A Beautiful Disaster: Tahoe Trail 100 Race Report
(from L -R: Leadville founder Ken Chlouber, Bay Area phenom Meiling Yee with her Leadville entry, me, Leadville former race director Merrilee Mauquin)
I raced forty minutes SLOWER this year than last year. I was supposed to go an hour FASTER. Big disappointment. My weight is down 12 pounds and my aerobic fitness has improved. I’ve gone further and faster.I’ve thought about this race every day for the past year. I put the pressure on myself, and, I cracked. Complete gastro-intestinal meltdown. Dehydrated? I guess. Bonking? It appears so. How could this happen?
Well, the weather and scenery was gorgeous, another awesome Tahoe day. Seriously, as I finished, I couldn’t help but smile and feel good about myself, even though I had my worst race ever. How could this be? The disaster was only physical, and it was temporary. The beauty was mental, emotional, and spiritual. That lasts longer.

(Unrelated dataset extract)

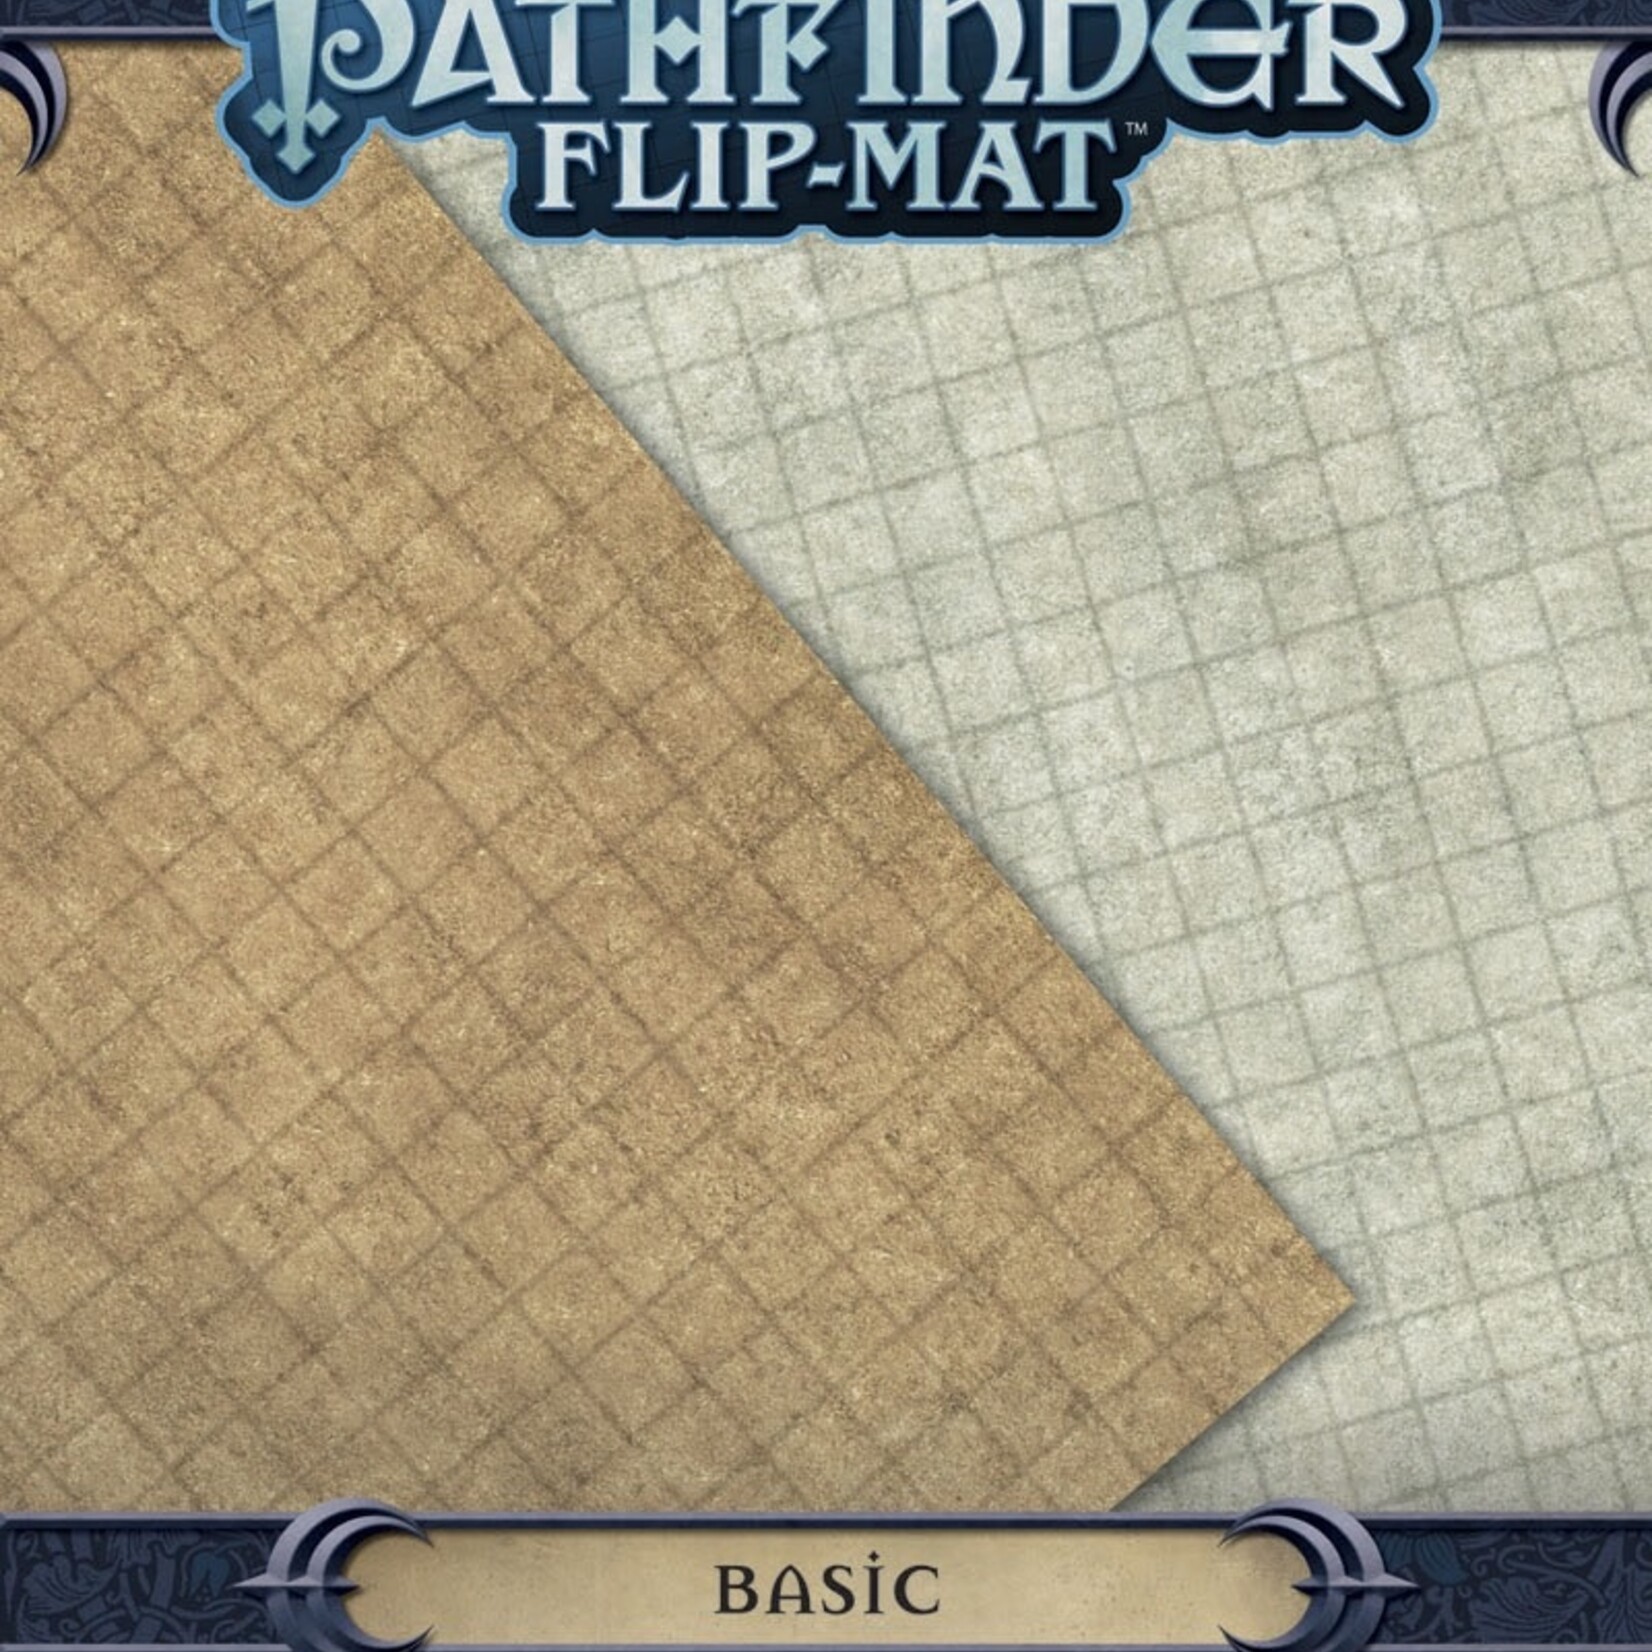 Paizo Pathfinder RPG: Flip-Mat - Basic (Revised Edition)

Well, not everything went wrong. The first lap went well. I passed some people, some people passed me. I felt reasonably strong and paced well. I found a group, and we rode together through the aid stations, leapfrogging our way around the course. It felt like I was going fast, though compared to last year, not as improved as I hoped. But I got into that zone where time sped up. I kept thinking, I’m already this far? Another aid station already? This climb is over? I get to descend so soon? Then halfway through the second lap, it crumbled beneath me.
So What Went Wrong
The Golden Rule of Racing:
Never change anything on race day! Make sure any equipment, nutrition, or hydration issues are thoroughly tested in training or low priority races. Never show up when it counts acting like it’s a lab experiment. I bent this rule (didn’t truly break it) without realizing it. I slightly changed my nutrition/hydration protocol, and it seems that is was just enough to cross a very fine, gray line into disaster. I used my usual blend of plain water, liquid Sustained Energy, and an occasional Hammer Gel.
But if I had my usual set-up of water and preferred fuels, and plenty of aid stations, how could I dehydrate and bonk? After reflecting, I figured it out. I didn’t use my Camelbak, which I use most of the time. I had forgotten how rough the course was, and was unable to get water consistently. When I did stop and try to catch up, I overdid the water and fluids.
About five hours in, I realized I was behind on fluids and calories. At the first aid station on the second lap, I tried to catch up. I was feeling tired, but I should have felt tired. Then, about 20 min. later, as the carbohydrate and caffeine hit me, I felt great! My energy was up and I passed people on a tough climb. I was even singing and rapping to myself! Then it all went sideways and the crash came. I started to feel worse and worse, and the nausea became so strong I could barely tolerate plain water in small sips. Trying to push hard on the pedals on climbs made it worse, so I was reduced to walking. I couldn’t eat. I could barely drink. I was pushing my bike and sweating in the hot sun all by myself. For about an hour I sank and wallowed in this until my gut finally started to settle down. By then I had lost enough time that I would not make the time cut-off for a Leadville spot.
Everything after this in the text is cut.